Task objective:
Write out again the lines from the line with "a church with" up to and including the line with "Top 5 methods to promote your online content", exactly as they stand below, and skip any picture.

[Extracted data — start]

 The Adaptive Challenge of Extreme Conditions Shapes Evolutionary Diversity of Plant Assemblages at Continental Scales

[Extracted data — finish]
[Extracted data — start]

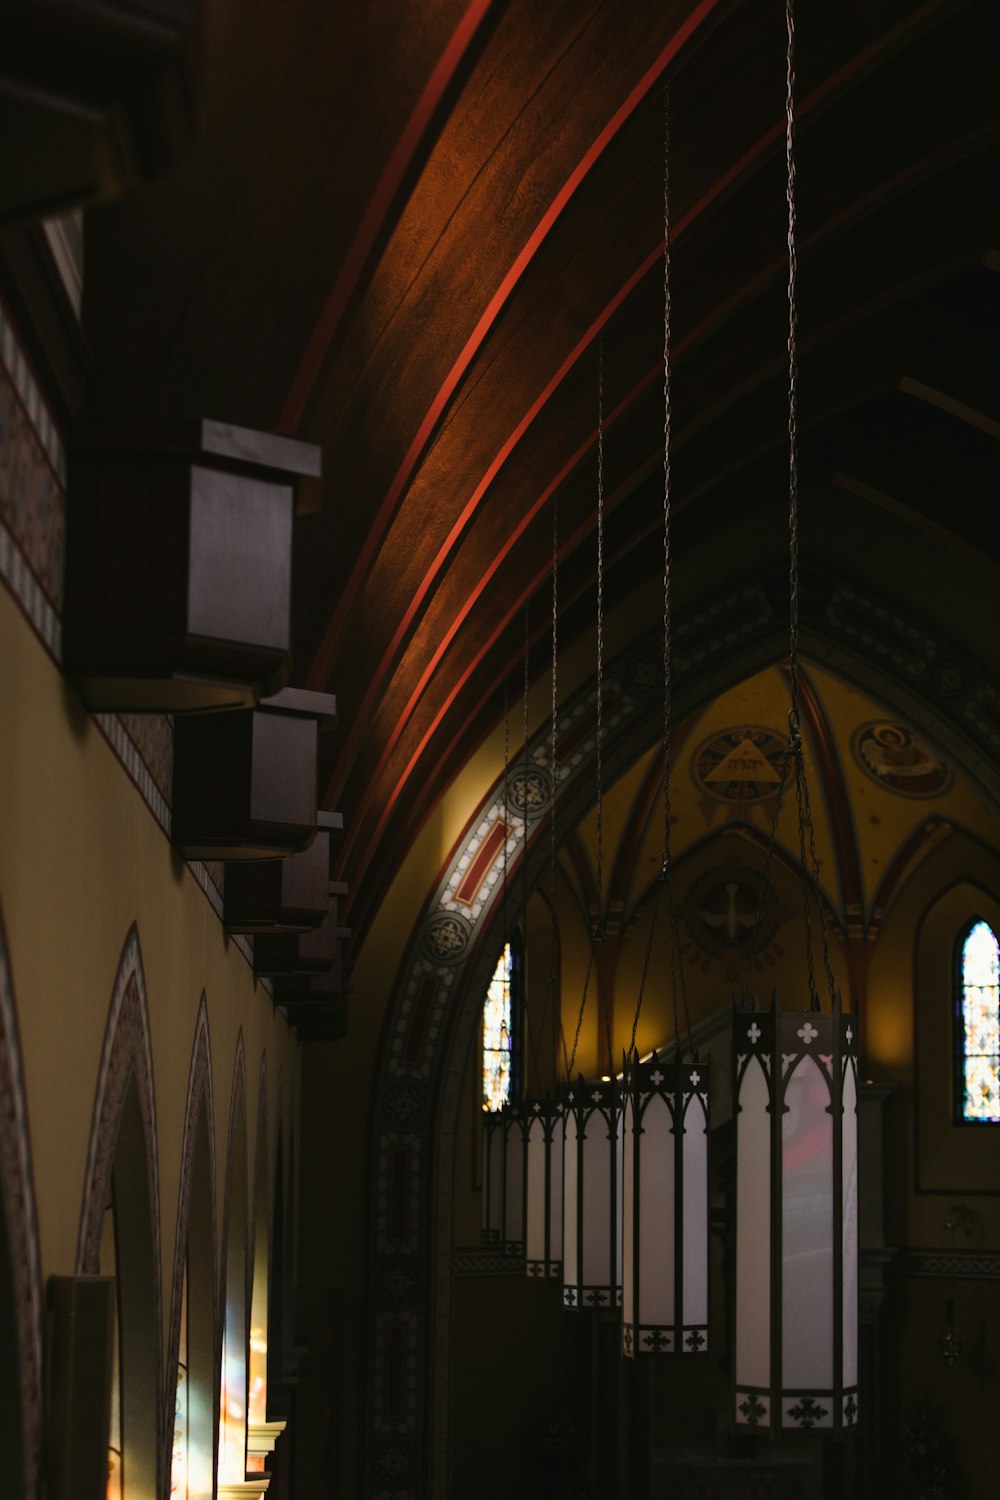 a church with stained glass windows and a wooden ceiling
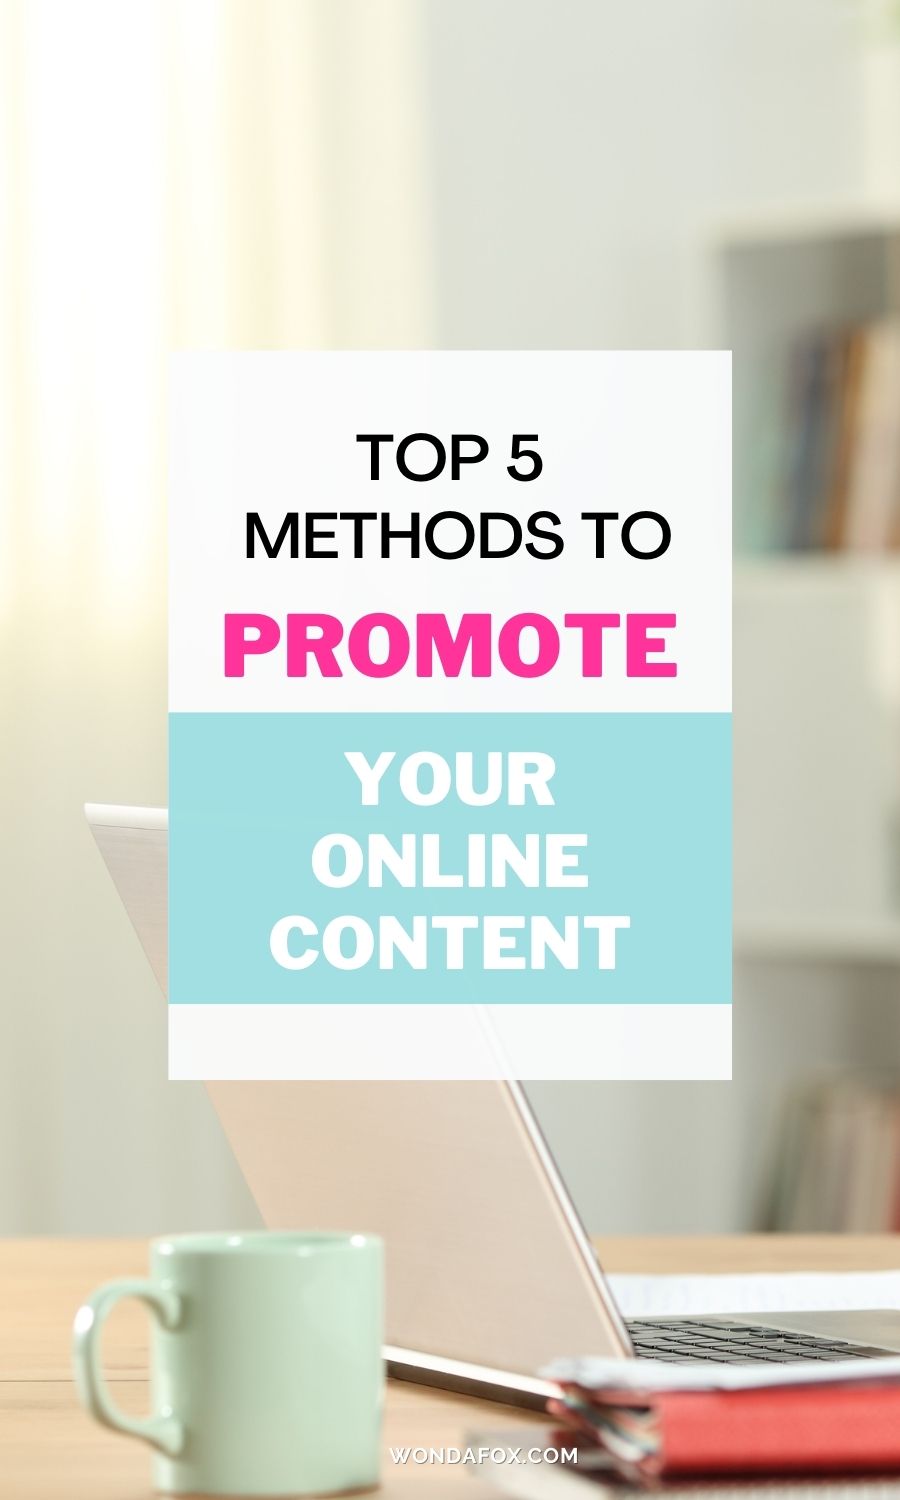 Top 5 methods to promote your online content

[Extracted data — finish]
[Extracted data — start]

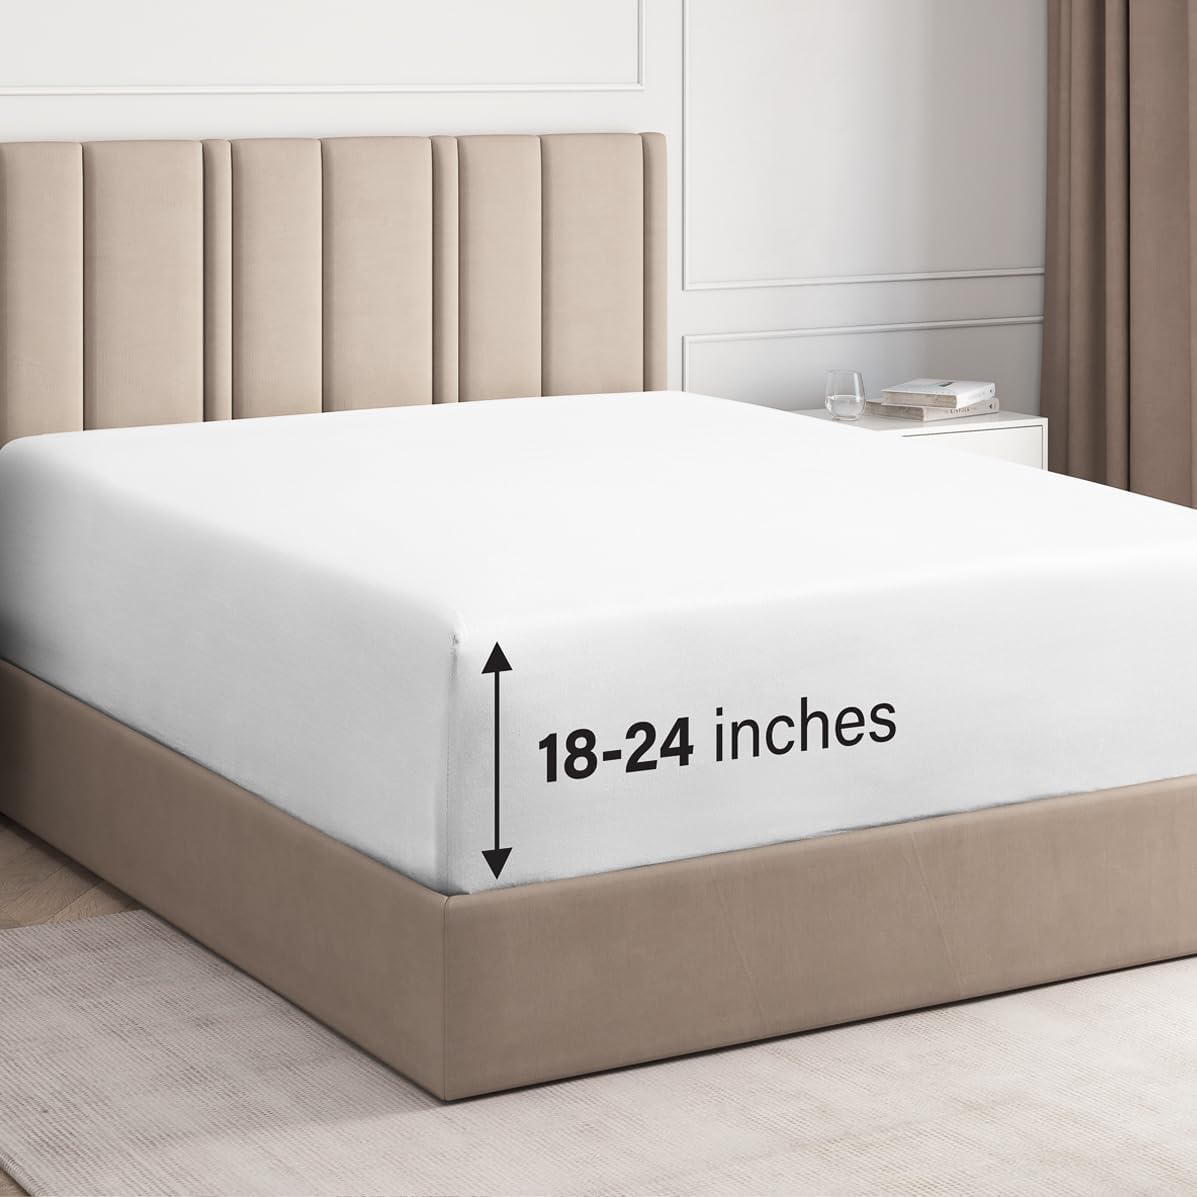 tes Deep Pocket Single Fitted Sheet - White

[Extracted data — finish]

Worked solution:
 a church with stained glass windows and a wooden ceiling
 Top 5 methods to promote your online content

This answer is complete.